最近ではそういう経験をしなくなりましたが、20代30代のまだ経験値が低い時代には、何度もそういう読者体験をしてきました。私にそういう文章が書けるのかは分かりませんが、視線は常にそこに向けながら、文章を書いていきたいと考えています。

ただ、この考え方を拗らせると、誰も理解できない難解な文章になってしまいます。読む側に教養を求めるような文章になってしまい、それはライティングの本質を理解していないから起きてしまう失敗のひとつ。文章は読み手に伝わってこそ活きてくるわけで、大前提が「伝わること」なわけです。

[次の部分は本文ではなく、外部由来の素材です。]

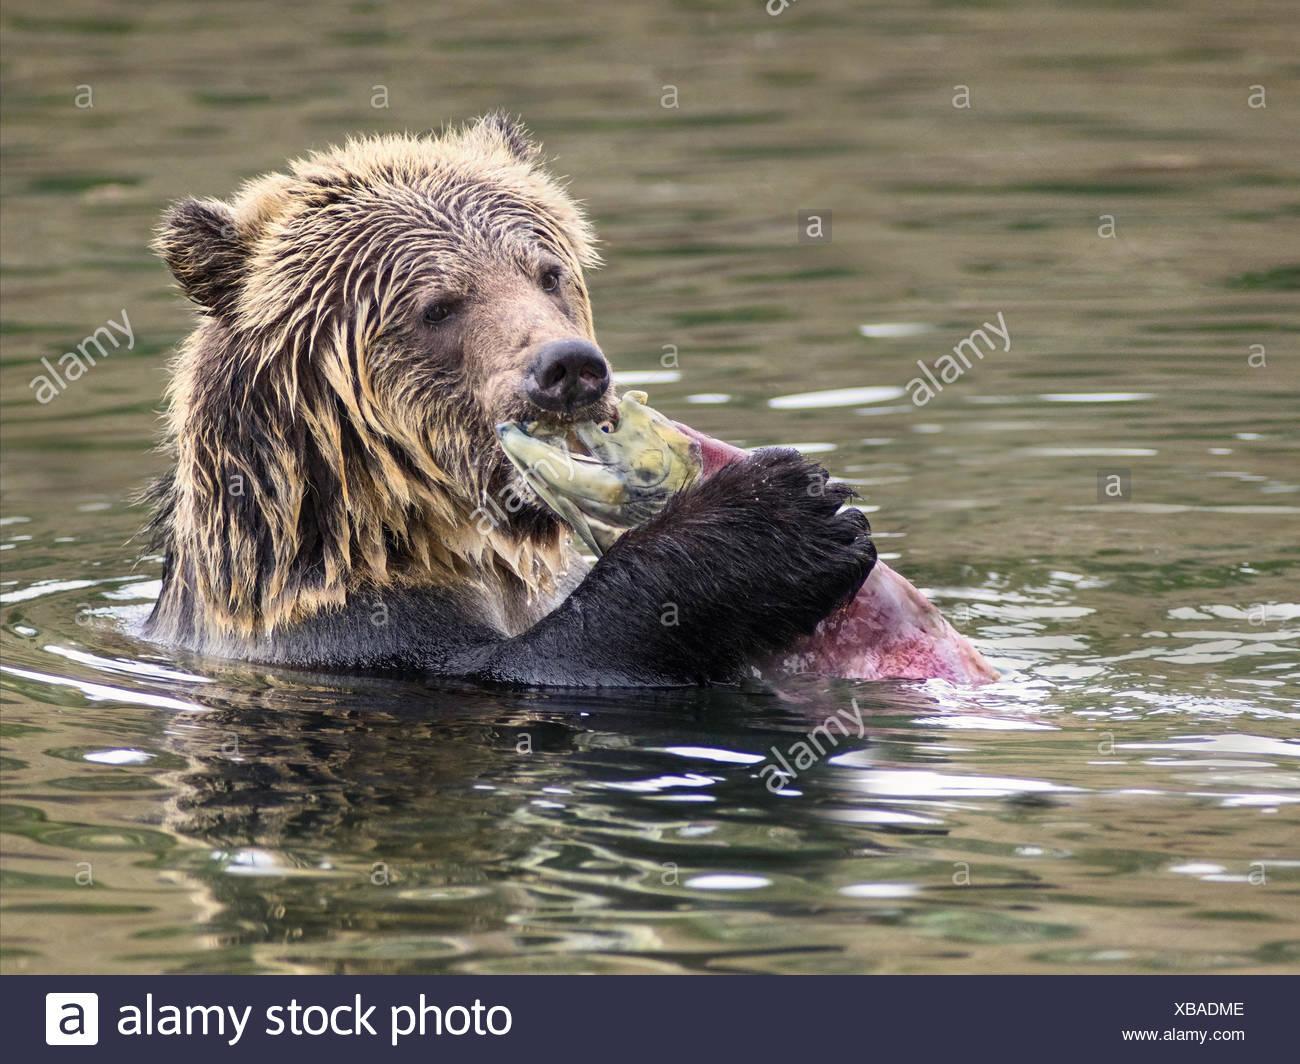 Oso grizzly (Ursus arctos horribilis), sub-adulto, en el agua del arroyo que alimenta el salmón sobre el salmón sockeye (Oncorhynchus nerka), central de British Columbia, Canadá Imagen De Stock

日雇い派遣の仕事をしていると、自分の考えを文章にすることを苦手にしている人が多いことに気づかされます。本人は苦手という意識はないというより、「言ったはずなのに伝わらない」というストレスでイライラする。そういう人をたくさん見てきました。

反対に温厚だと感じる人はみんな、説明が上手く、仕事での手戻りがあまり発生しません。こちらも本人は無意識なのでしょうが、周りからすると、どちらの方が仕事ができるか、どちらの人と仕事をしたいかは明白です。誰だって説明がわかりやすく、温厚な人と働きたいわけです。

では、どうすれば自分の考えが伝わるのか。これは文章でも口頭でも同じで、「この言い方では伝わらないかもしれない」という感覚を常に持っておくことです。ひとつの文章から無駄を省きつつも、誤解を受けないように情報を織り込む。これをできれば、大抵の意思疎通が可能になります。

日本語の素晴らしくもあり、大きな欠点でもあるのが、「言葉を省略できる」ことです。たとえば「私はこれからランチに行くけど、あなたも一緒に行きますか?」を日常会話で伝えようとすると「ランチ一緒に行く?」になります。これだけで伝わるからこそ、誤解が生まれます。

仕事現場でよくあるのが「それ片付けておいて」という言葉。そこにいるのが私だけならいいのですが、複数人いる場合、そもそも誰に依頼しているのかがわかりません。そして初めての仕事の場合、どこに片付ければいいのかもわかりません。その他の付随するルールも。

荷物を片付けようとしたら「持ち方が違う」と注意されるなんてことは日常茶飯事。それはきちんと伝えていないから起こることなのですが、伝える側にとってはいつもの作業なので、なぜその指示だけできちんと動いてくれないかがわからないわけです。


プレイングマネージャーになっている人の多くが、このタイプになります。プレイングマネージャーと聞くと優秀なイメージがありますが、部下に適切な指示を与えられないから、自分が動くことになっているだけ。それもこれも伝える力が足りない結果です。

ただ、伝える力というのは学校では教わりません。そんな科目はどこにもなく、あえていうなら国語が該当しますが、論理的な説明を受けるわけではありません。「この文章を読んでAさんはどう思ったか」の問いに対して答えがあるだけ。なぜその答えになるのか、なぜ他の答えが違うのかまでは説明がありません。

「あなたの言葉は相手に伝わっていない可能性がある」。これを大前提とした会話や文章を教える時間が足りていません。そして足りていないという共通認識さえありません。だから言葉の行き違いが生まれ、そこに不毛な争いが発生する。それはとても悲しいことです。